Is Congress Above the Law?

The first item on this election campaign’s Contract with America was that, if elected (as they have been), the House Republicans would require that all laws that apply to the rest of the country also apply to Congress.  We’ll see if that and the other promised reforms materialize, but it does raise yet another issue in the context of Obamacare.

As my colleague Michael Cannon pointed out to me, the new health care law kicks congressmen out of the Federal Employees Health Benefits Program.  (The current FEHB is no different from the health coverage provided by any private employer -– federal employees choose from a series of private plan options (none of which is run by the government), and receive a subsidy from the federal government acting in its role as an employer.)

My first reaction to hearing this was:  Good – if the rest of us lose our health care freedom, so should those who forced this new atrocity on us.  But apparently this result was not intended, so the Obama administration has decided to ignore that part of the law.

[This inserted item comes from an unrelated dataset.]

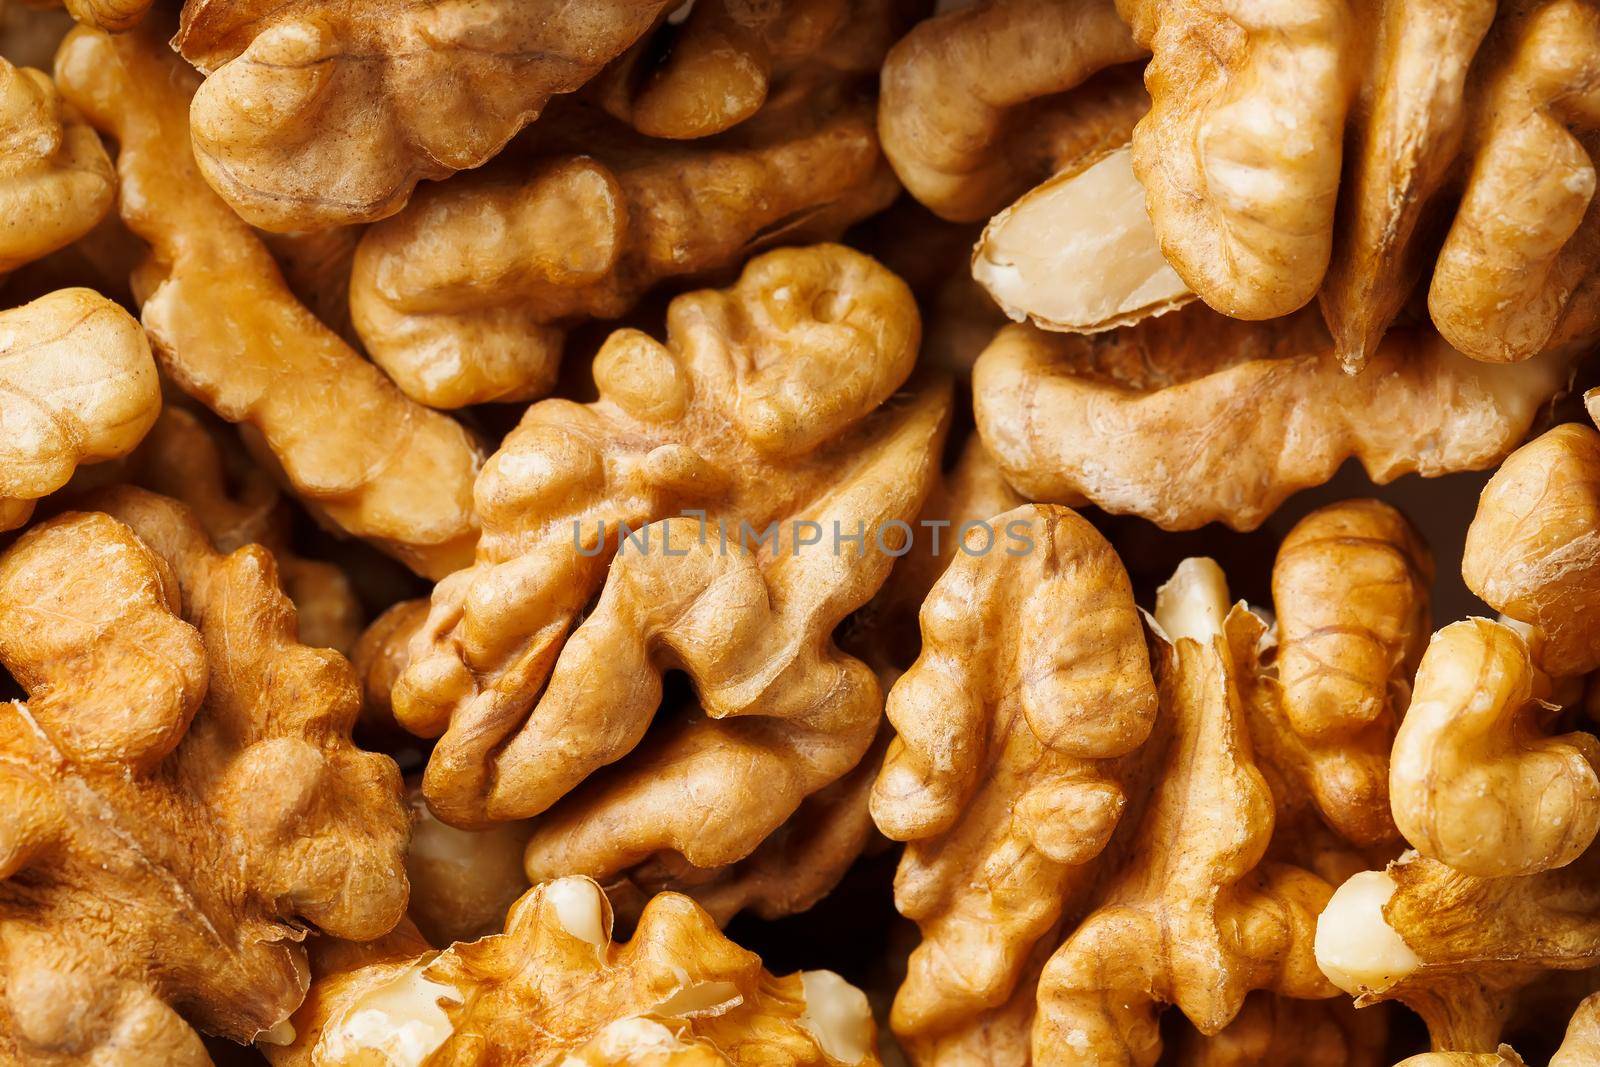 Walnuts sold in spice market.Walnuts Help Lower Cholesterol. Good grains eat healthy. Organic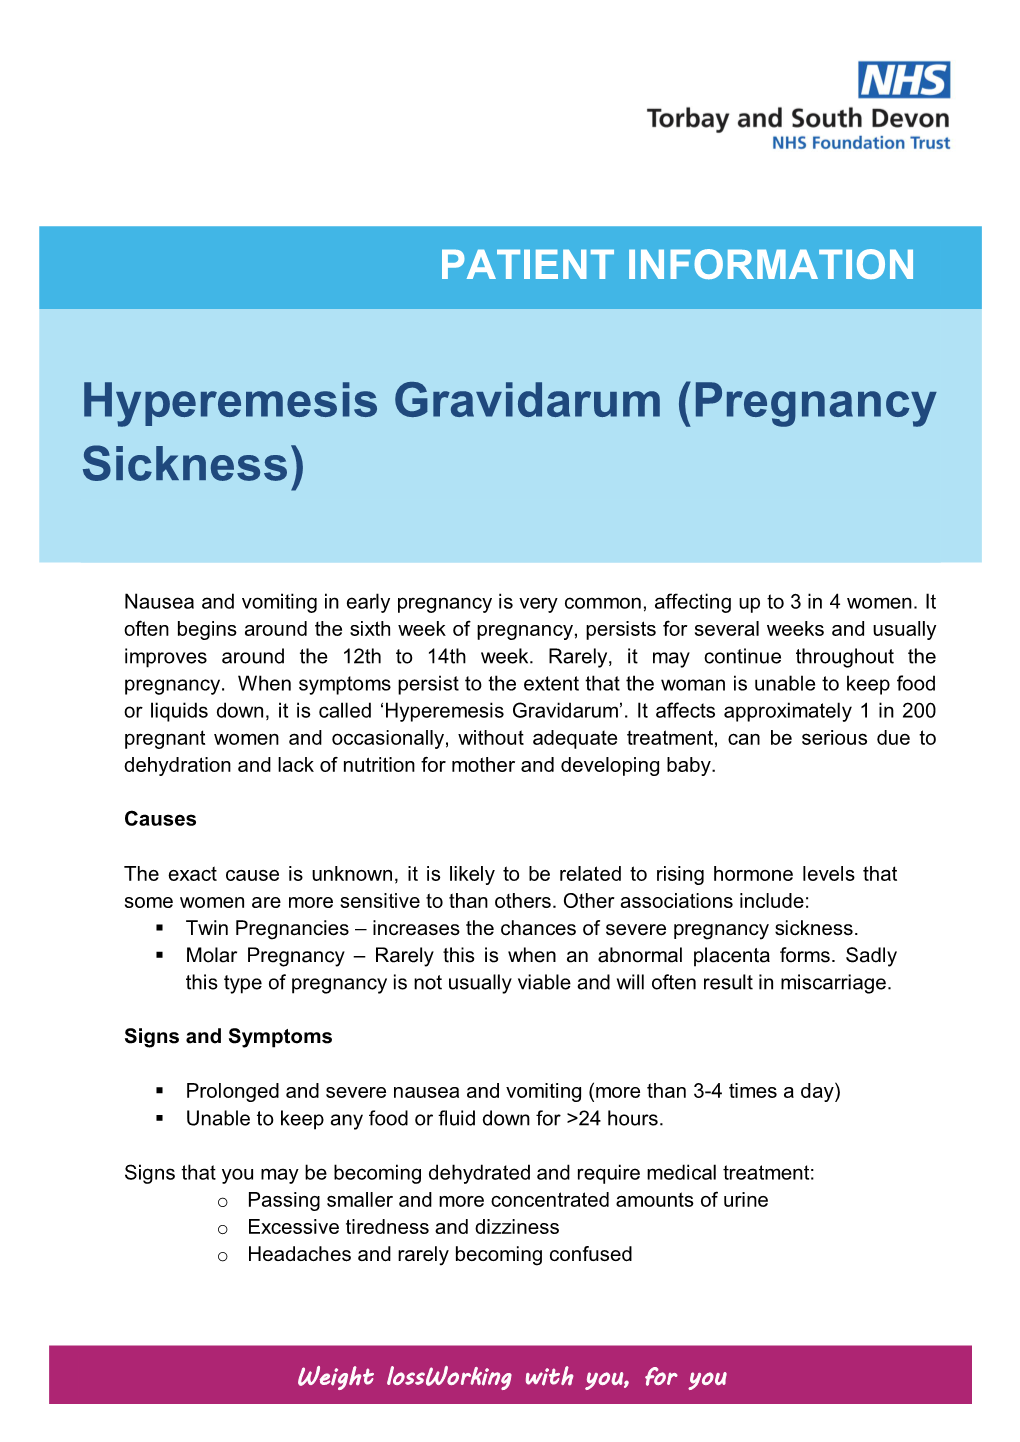 Hyperemesis Gravidarum (Pregnancy Sickness)

No joke.  Here is the Congressional Research Service report on the provisions that oust members of Congress from their health insurance.  And here is the letter in which an Obama appointee announces that the administration will ignore the law.  These two articles also provide important information.

Now, assuming that something constitutionally problematic is going on here, what can anyone do about it?  To put it in legal terms, who has standing to sue for this apparent constitutional violation?  It’s a tough row to hoe – taxpayers cannot bring suit based on generalized grievances – but off the top of my head, I can think of two possibilities: (1) members of Congress suing the president or the Department of Health and Human Services for essentially passing new law and therefore infringing on congressional prerogatives (thereby violating the separation of powers); or (2) an insurance broker or carrier who would otherwise be signing up new clients.

And there are two additional related questions:

1. Why did Congress expand Medicaid while refusing to participate in it themselves?  Obamacare expanded Medicaid to an estimated 18 million new Americans, none of whom will have a choice of private plans, instead being dumped into Medicaid, a program notorious for access problems (and which in Arizona now doesn’t cover organ transplants).  Yet all Senate Democrats voted against an amendment enrolling members of Congress in the new Medicaid program (all Republicans voted for it, except one who was absent).

2. Will members of Congress use their own salaries to pay any fines assessed because their employees have “unaffordable” health coverage?  Obamacare includes a $2,000 per worker penalty for any employer that does not provide “affordable” coverage, beginning in 2014.  Many junior staffers have incomes below 400 percent of the federal poverty level ($43,320 for a single person, or $88,200 for a family of four), and thus could be subject to the new statutory test of whether their health insurance options are “affordable.”  While it’s unclear how this particular provision will be implemented for Hill staff – due to the “significant unintended consequences” of sloppy drafting – it’s entirely possible that member offices could be assessed a $2,000 penalty for every worker needing insurance subsidies because they have no “affordable” alternative.  If that scenario happens, will the members of Congress who voted for the law pay the penalty out of their own salaries or will they rely on taxpayer funds to finance an obligation they imposed on themselves?